**WHAT IS EXPECTED**
Each line in the material below, starting at the one with "Poli Barrique - Solera" and ending at the one with "Terreno Edificabile Residenziale", is to be reproduced exactly; no picture is to be copied.

··· DATA PROVIDED

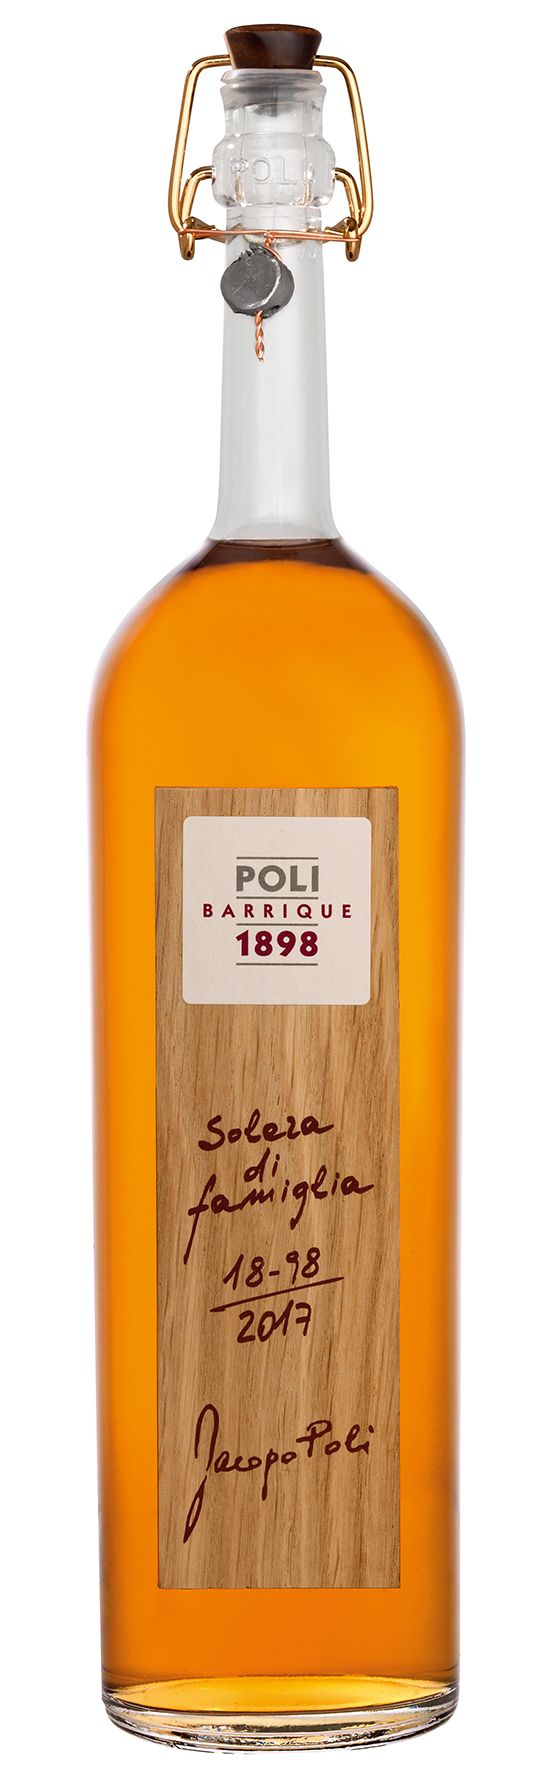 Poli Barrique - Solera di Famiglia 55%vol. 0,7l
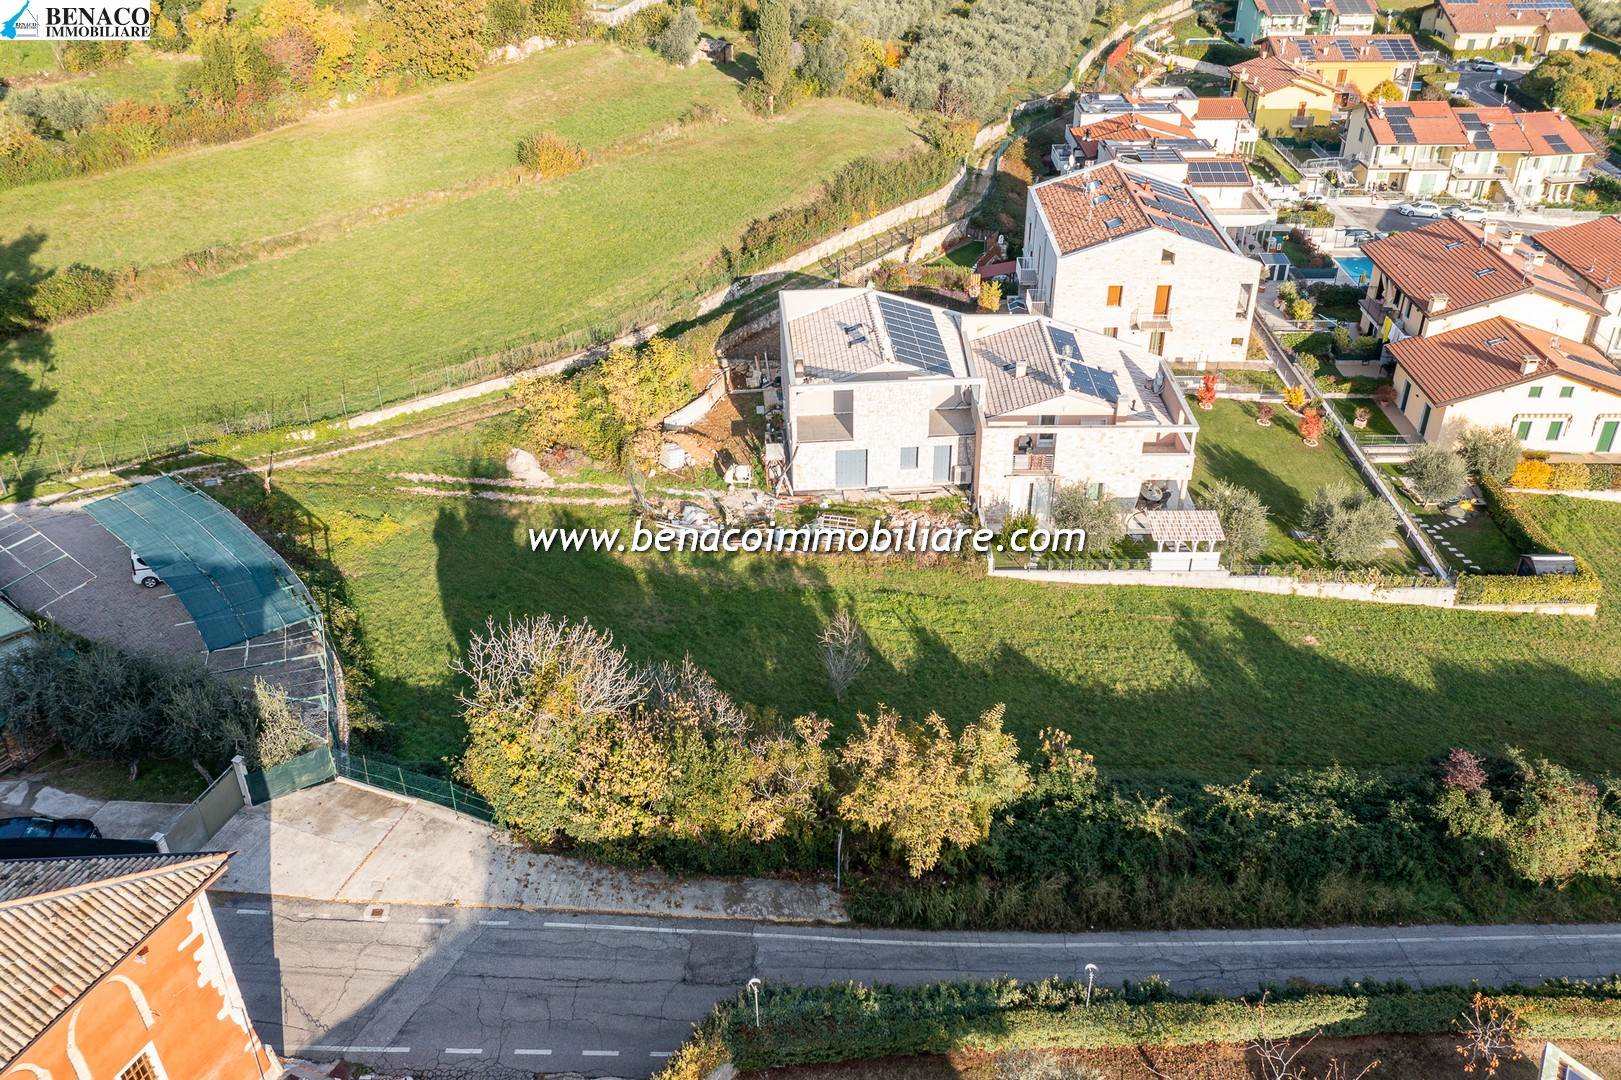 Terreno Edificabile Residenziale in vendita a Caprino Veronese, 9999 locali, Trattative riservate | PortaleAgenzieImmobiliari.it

······
··· DATA PROVIDED

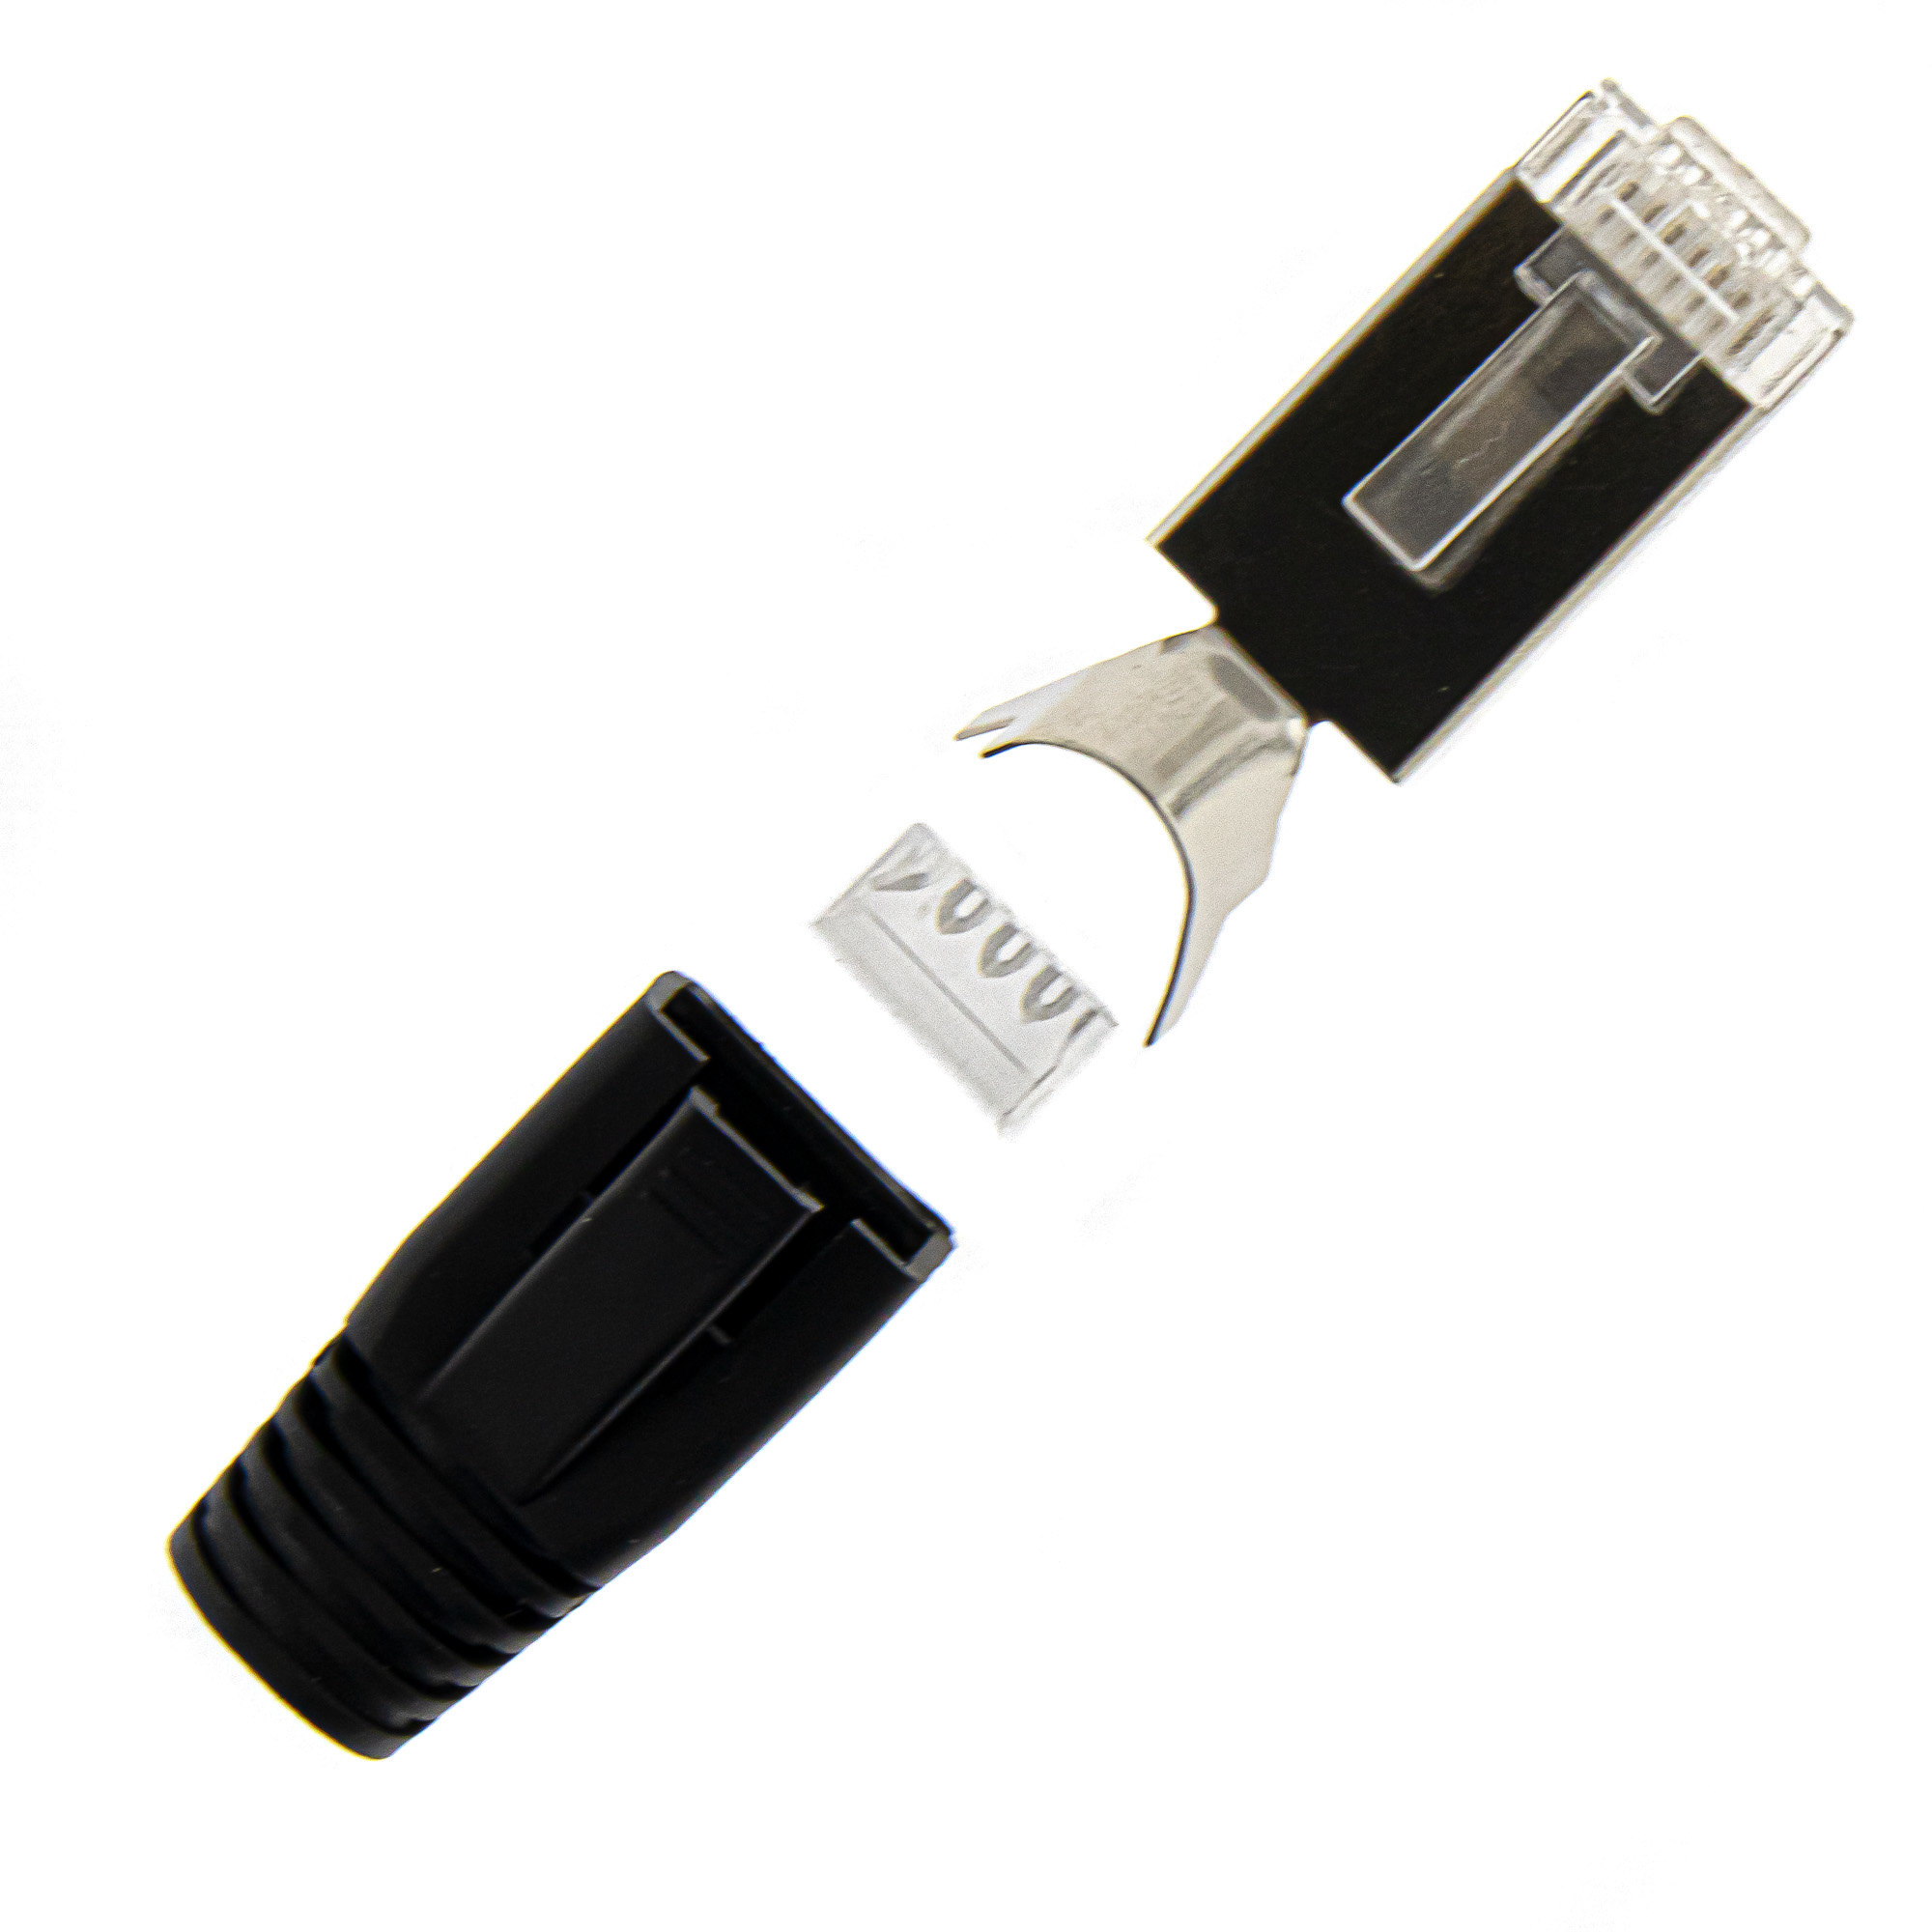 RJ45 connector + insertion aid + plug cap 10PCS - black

······
··· DATA PROVIDED

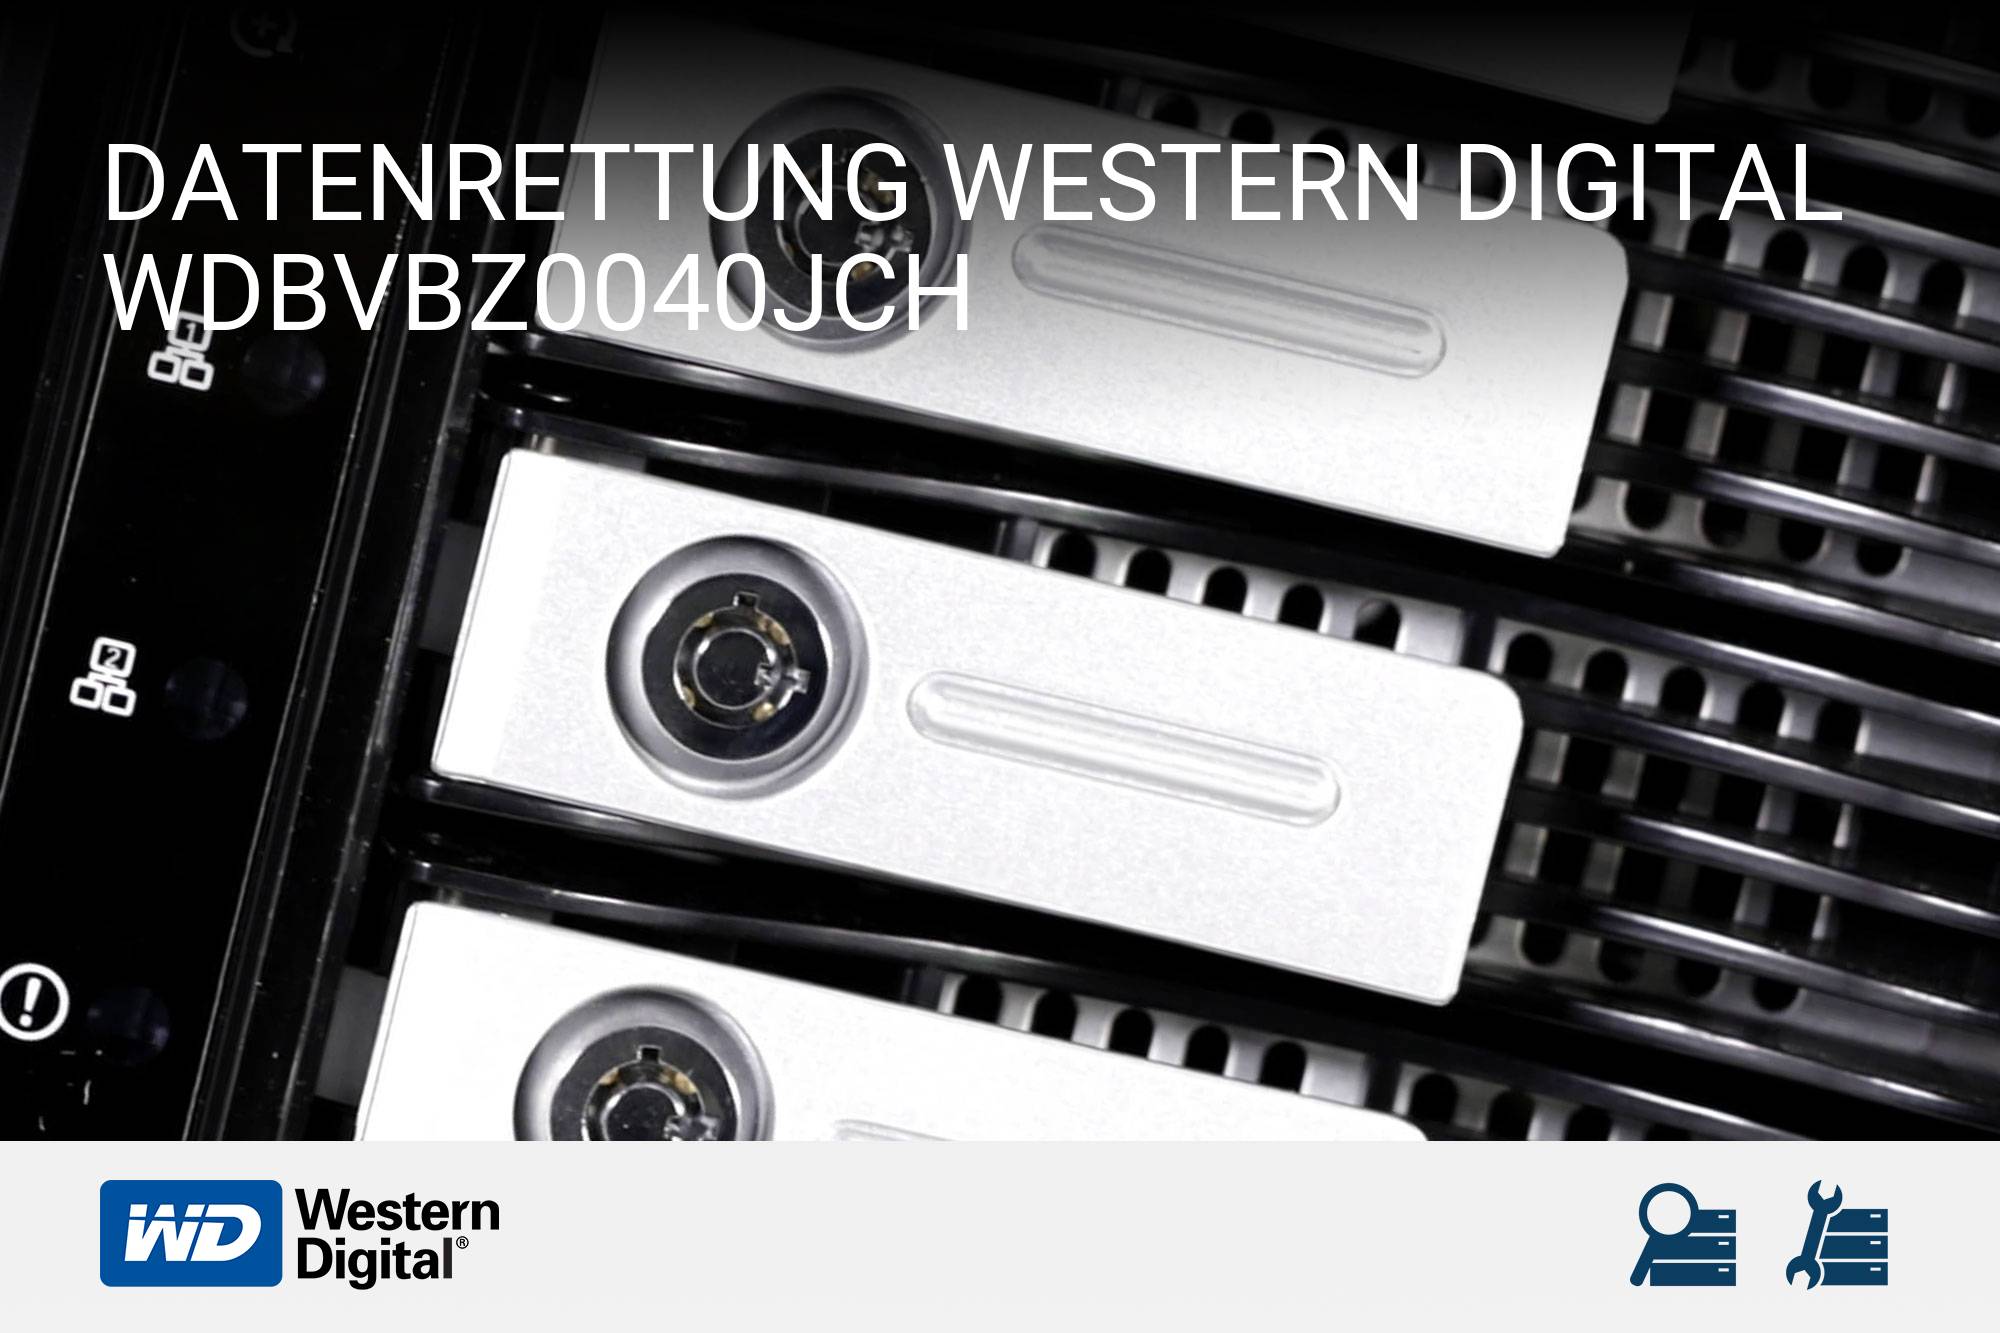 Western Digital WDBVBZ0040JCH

······

**OUTPUT OF THE EXERCISE**
 Poli Barrique - Solera di Famiglia 55%vol. 0,7l
 Terreno Edificabile Residenziale in vendita a Caprino Veronese, 9999 locali, Trattative riservate | PortaleAgenzieImmobiliari.it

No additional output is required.